Today in Weird patientthe case of a 50-year-old who developed an Irish accent overnight.
A 50-year-old man comes to Duke University Hospital in North Carolina for a surprising symptom: he started speaking with a sharp Irish accent overnight, despite neither he nor his family being of Irish descent. If his case can make you smile, it is actually very serious. The patient has metastasized prostate cancer and his sudden speaking with a foreign accent might be a sign that his disease is getting worse. The doctors made him pass neurological examinations and an MRI of the brain at the time of his hospitalization, without any abnormality being observed.
On the other hand, his prostate cancer seems to be getting worse, a biopsy indicates that it is turning into neuroendocrine cancer of the prostate, a rare (only 2% of prostate cancers) and very aggressive form of the disease whose life prognosis is dark. Despite chemotherapy, the cancer cells eventually invaded his brain and caused fatal damage. The patient died of ascending paralysis.
When the brain loses its Latin
Foreign accent syndrome is a rare acquired speech disorder in which the affected person starts speaking with a foreign accent overnight.
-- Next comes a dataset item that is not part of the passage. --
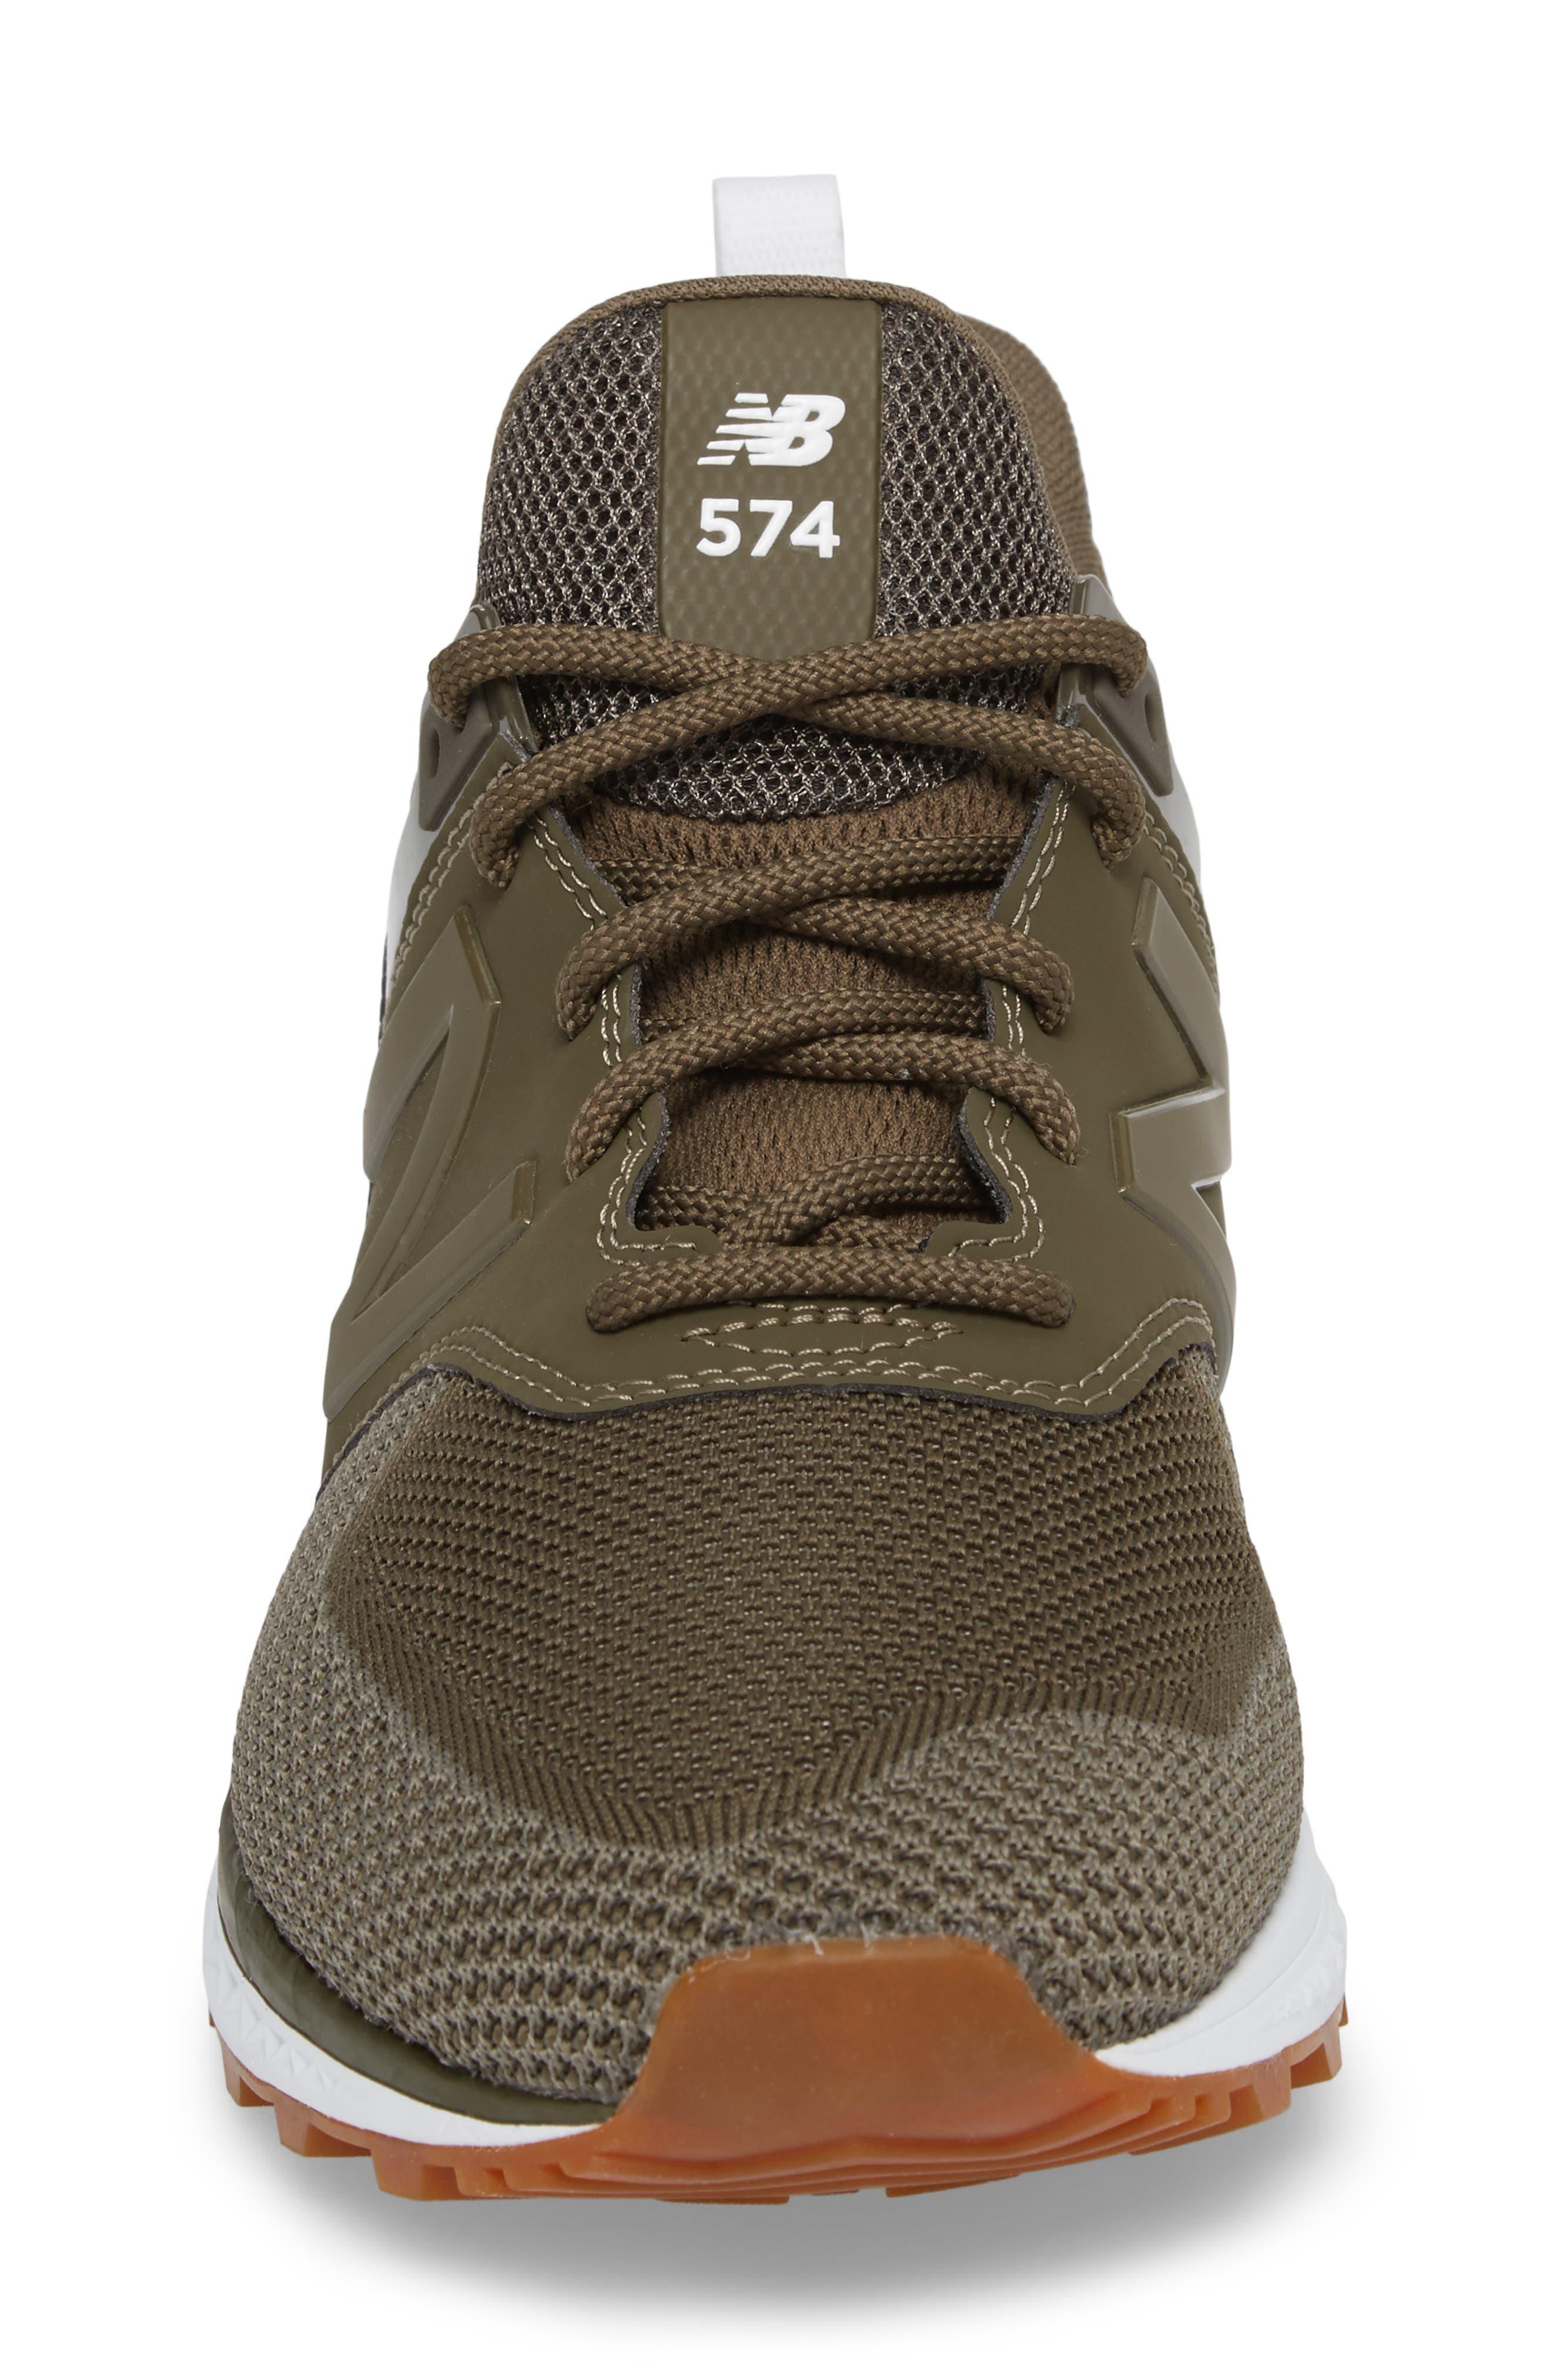 574 Engineered Mesh Sneaker,                             Alternate thumbnail 4, color,                             338

The vast majority of cases appear following a stroke or serious accident. For example, a young French-speaking Belgian woman started speaking with a Flemish accent six months following a road accident. This disorder is the consequence of lesions in the brain, located mainly in the premotor and motor areas of the frontal lobe, but other regions may also be involved.
From the first case described, a Parisian who picked up an Alsatian accent in 1907, only a few hundred patients are known to have developed foreign accent syndrome. The case of our patient is even more remarkable in that cancer-related foreign accent syndromes are extremely rare. For the doctors who treated him, it might be a warning sign that cancer is attacking the brain and causing neurological damage.